**PROBLEM TO SOLVE**
Among the entries below, take the line with "Cheerful active man" and the line with "SCO_Mapletree_Concert_1920x800_3 Outreach &", and output them and every line between them exactly, with nothing else.

**ENTRIES PROVIDED**
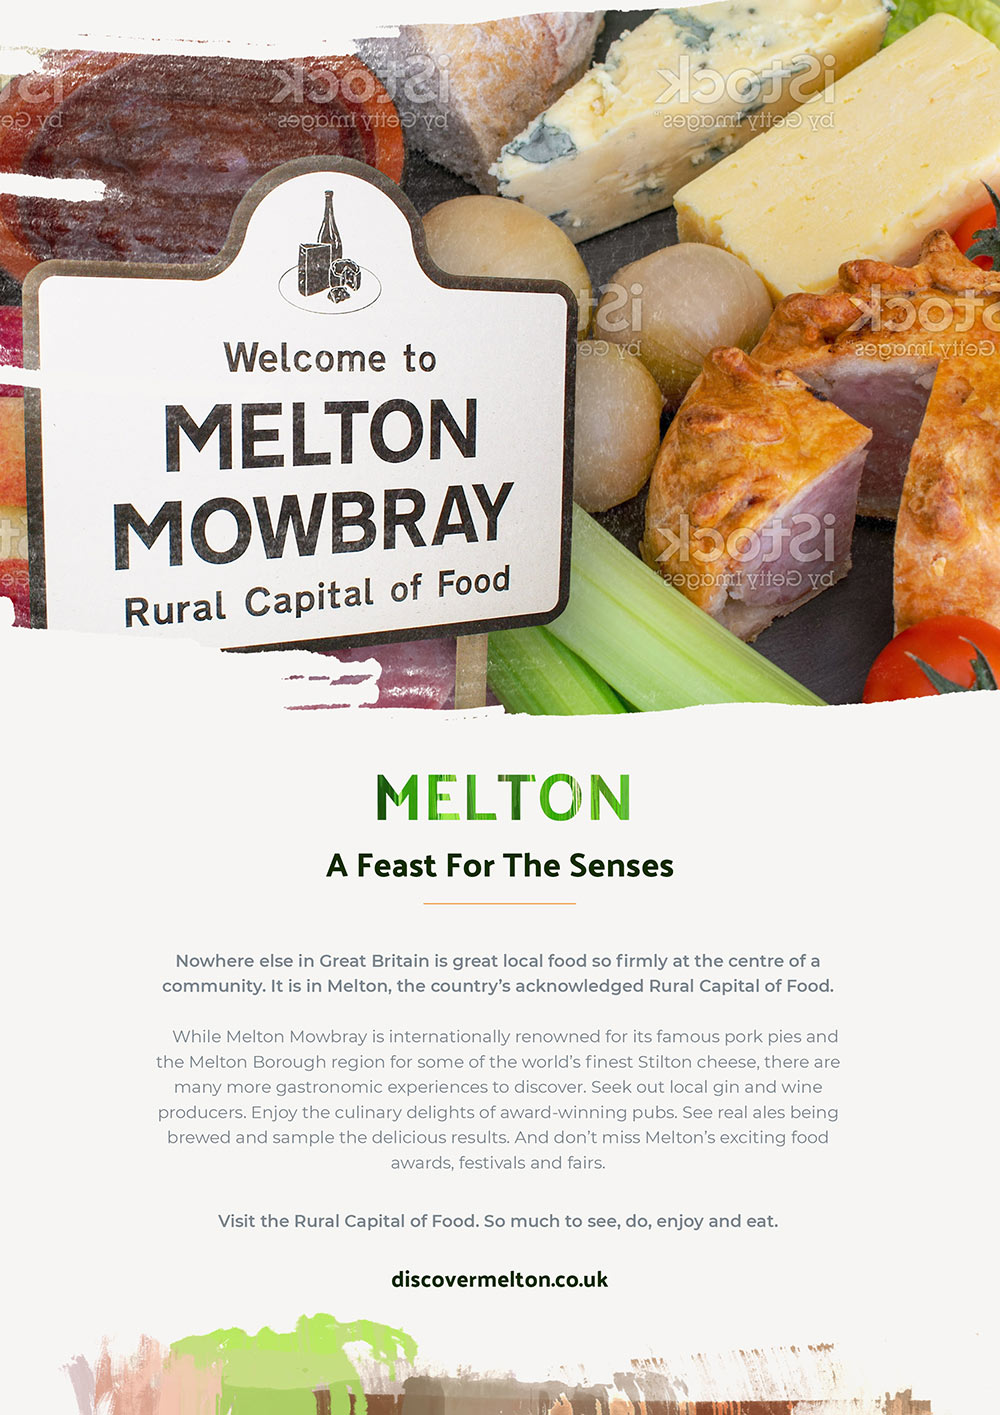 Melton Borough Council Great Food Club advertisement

* * *

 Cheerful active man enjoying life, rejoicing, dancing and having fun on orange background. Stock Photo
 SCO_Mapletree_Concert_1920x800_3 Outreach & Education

--

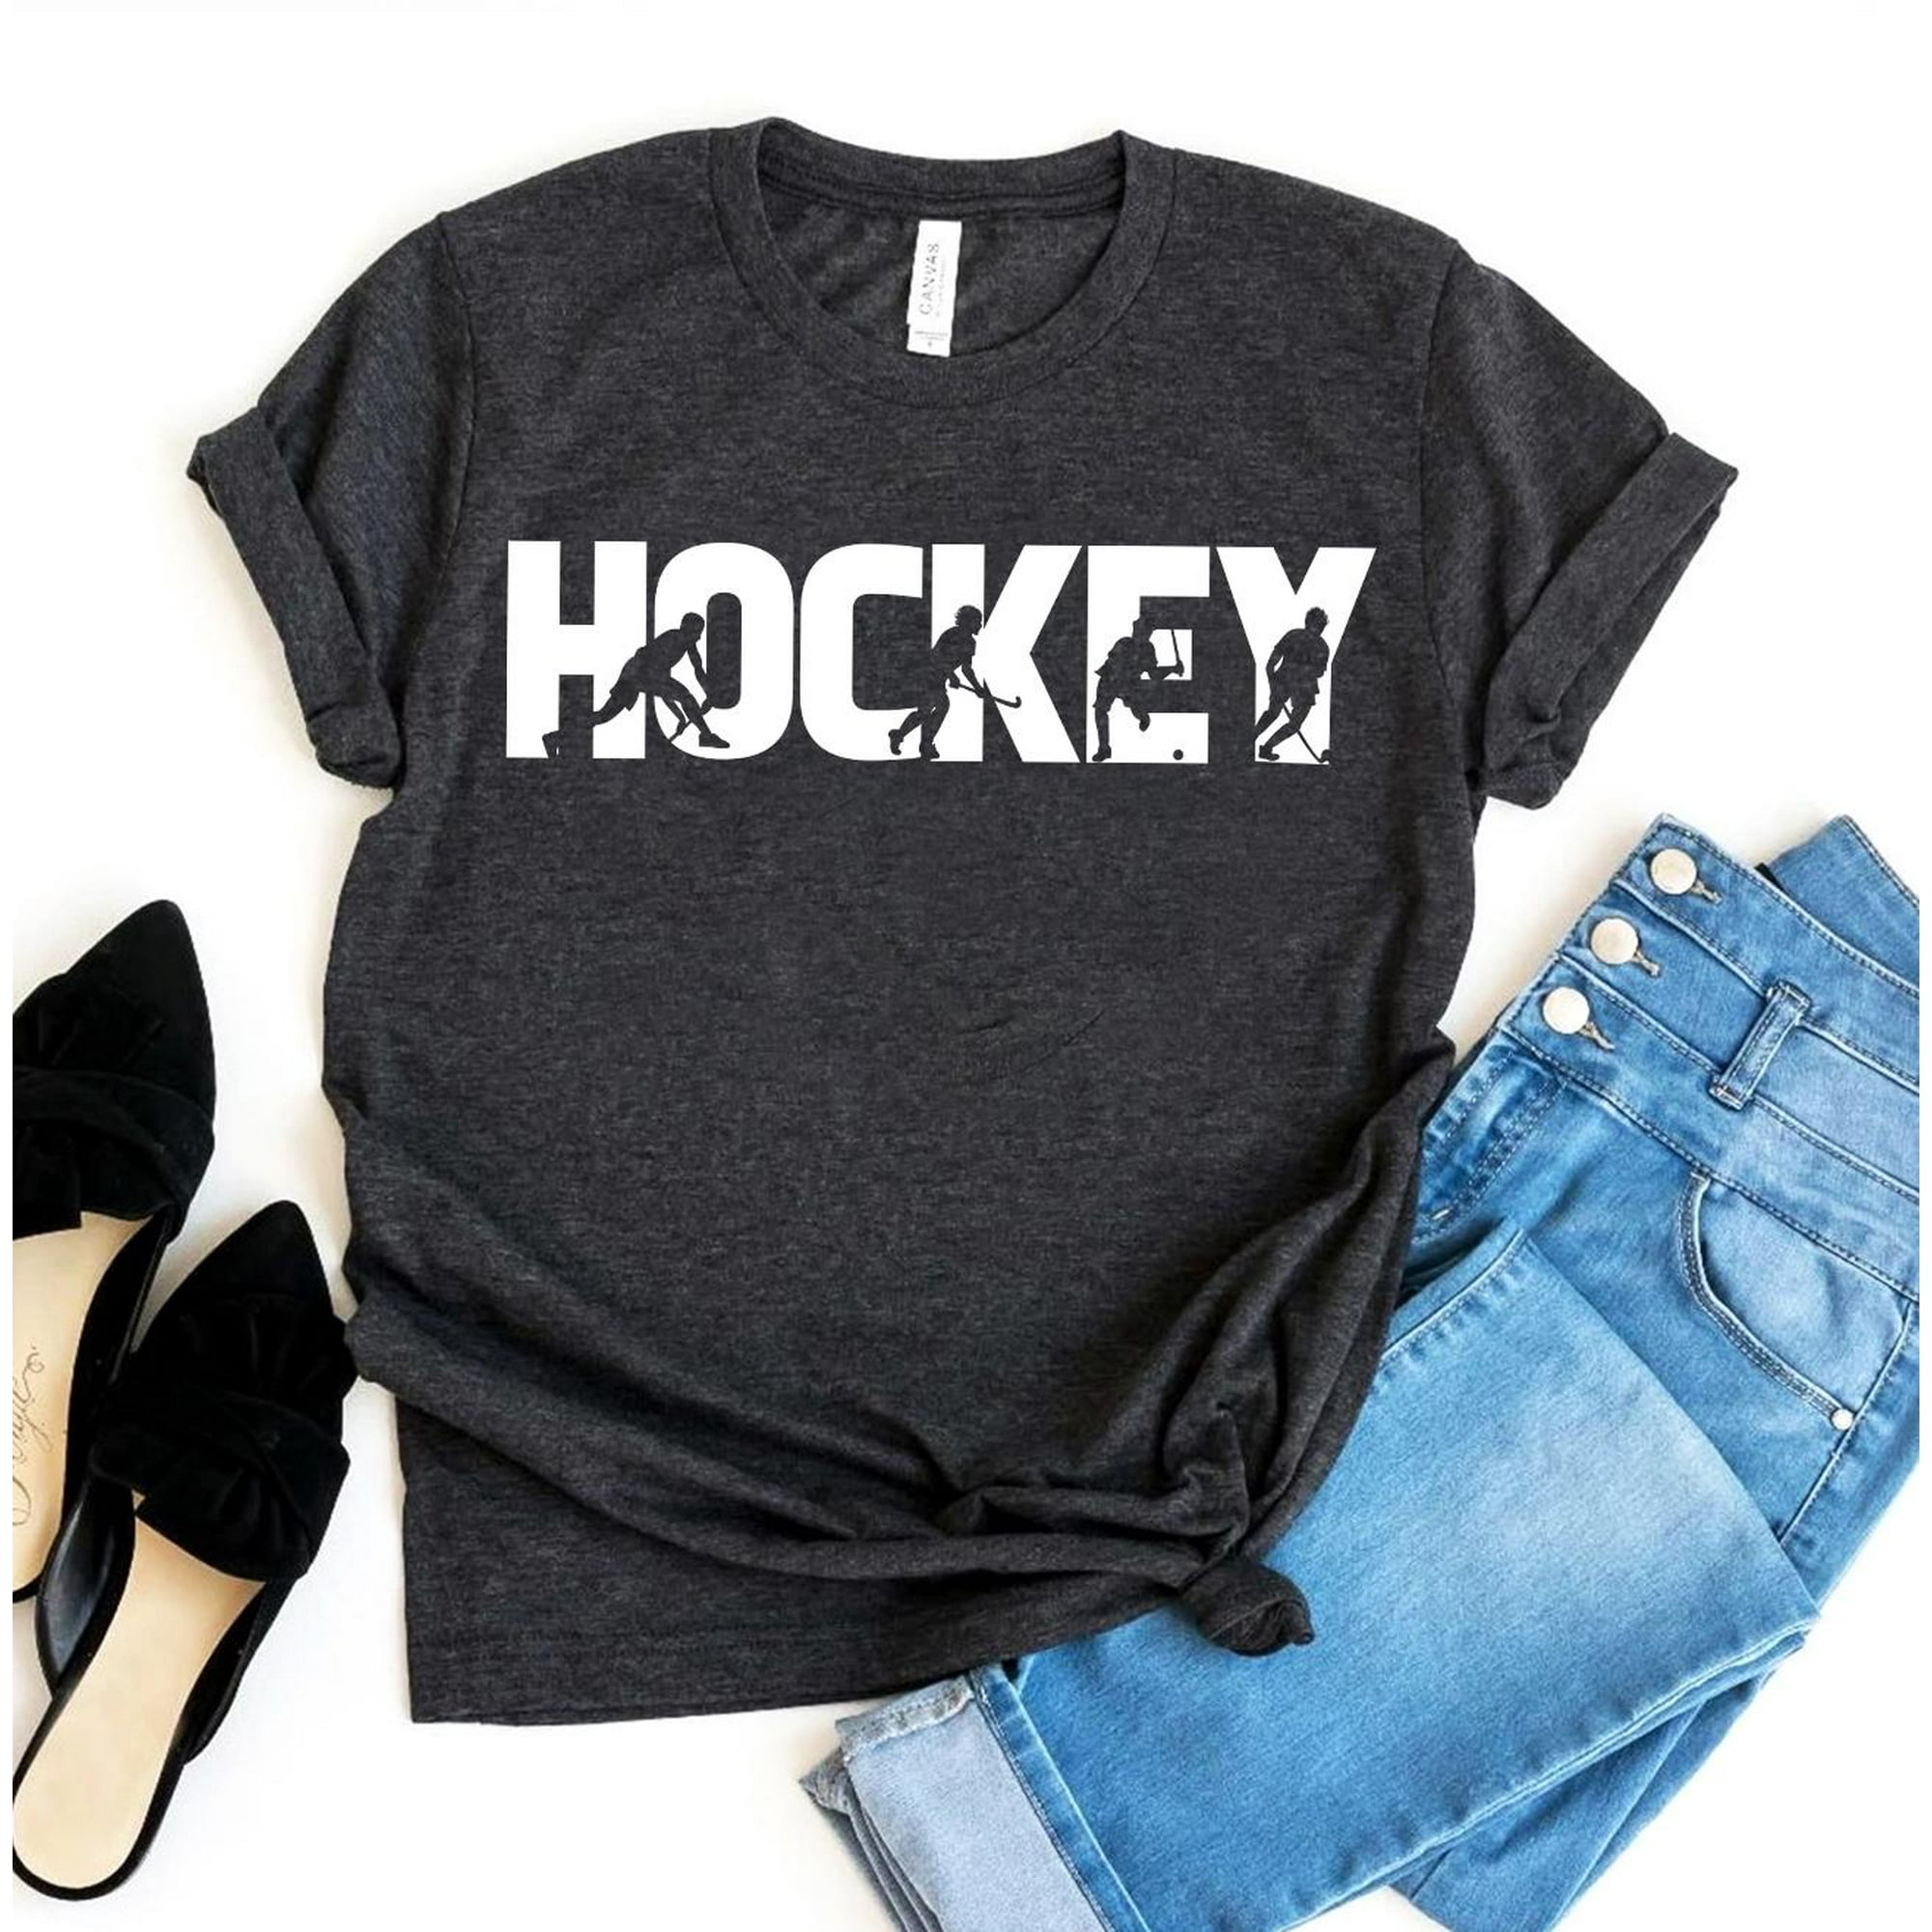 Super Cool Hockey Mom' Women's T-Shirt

**TASK RESPONSE**
 Cheerful active man enjoying life, rejoicing, dancing and having fun on orange background. Stock Photo
 SCO_Mapletree_Concert_1920x800_3 Outreach & Education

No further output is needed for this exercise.